Кассандра хочет возразить, она ищет «кинжальных слов», чтоб уничтожить Володю… Но губы у нее дрожат. Беспомощно хлюпнув носом, она резко поворачивается и продолжает свой «моцион».
Десять часов вечера. Дети давно спят. День у больных трудный, утомительный. Больные за день устают. Ложатся рано.
Перед оном вспоминаю, что Кассандра просила меня «уделить ей черносливцу». Иду в ее палату. Там пусто, — все обитательницы палаты, вероятно, в умывалке. При свете синей лампочки замечаю какое-то шевеление на Кассандриной кровати. Подхожу к ней ближе. Худое, истаявшее тело почти неразличимо под одеялом. Подаю ей чернослив.
И вдруг Кассандра плачет.
— Шпашибо. Ужашно тут жлые люди! — Зубы Кассандры мирно покоятся в кружечке с водой, отсюда неожиданное косноязычие. — Штрашно жлые люди!
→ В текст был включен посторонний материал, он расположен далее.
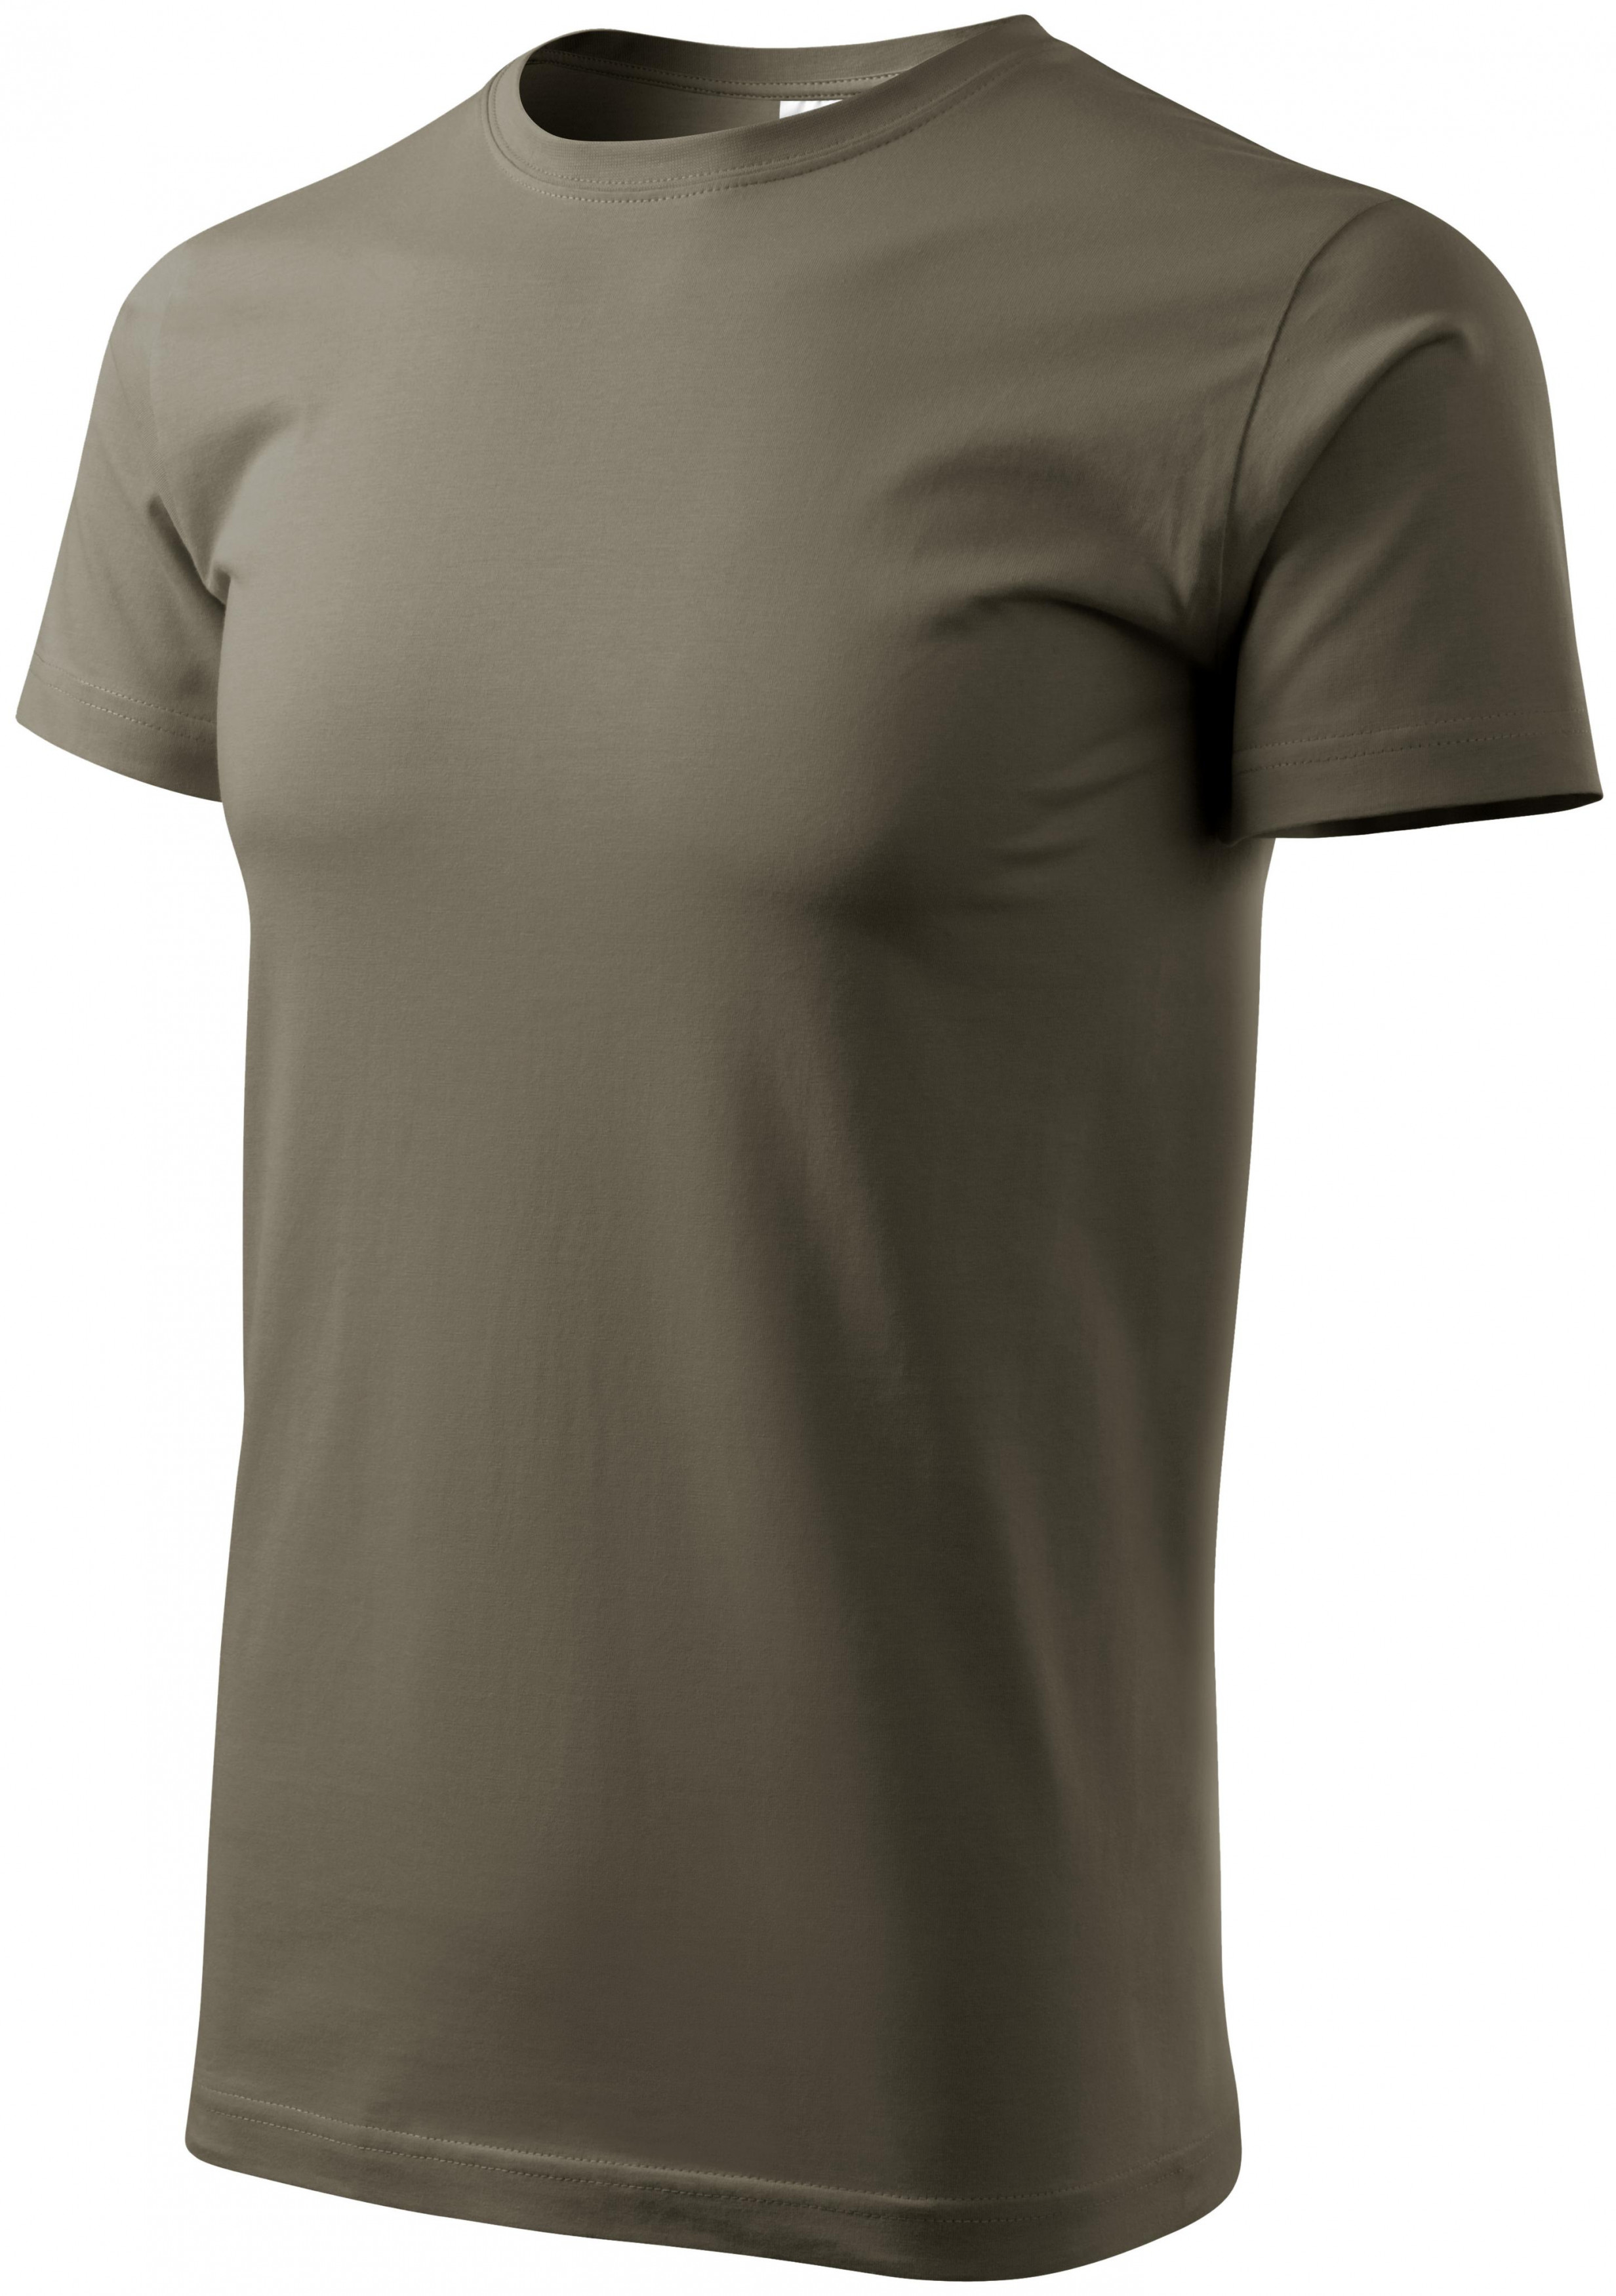 Pánske tričko jednoduché, army, XL

Положив в рот черносливину, Кассандра старательно разминает ее языком и беззубыми деснами.
Иду по коридору третьего этажа, и кажется мне, что попала я совсем не туда, куда шла… Все просто, буднично, — а ведь я пришла «смотреть чудеса»!
Никаких чудес. Осторожно приоткрывая двери, заглядываю в одну палату, в другую, в третью. Везде на кроватях — люди, лежащие неподвижно. Сперва кажется, что они спят (глаз не видно — забинтованы). Мелькает даже пугающее опасение: да живы ли они? Никак не верится, что это — счастливцы, прозревшие после операции, каких я надеялась увидеть здесь.
Врач объясняет мне: да, это слепые, которым сделана операция пересадки роговицы. Сказать с уверенностью, что они прозрели, пока еще нельзя. Они будут терпеливо лежать еще очень долго, пока выяснится окончательно, вырвались ли они из мрака слепоты, в каком пребывали иногда по двадцать — тридцать лет. Подробно об операции я расскажу дальше, — пока же я смотрю на этих оперированных, и в каменной, неодушевленной неподвижности своей они напоминают мне те коконы и куколки, из которых в положенный срок вылетают бабочки. Можно надеяться, что и эти неподвижные оперированные слепые станут в свой срок зрячими, счастливыми, обретшими свое место в общей жизни, труде, борьбе.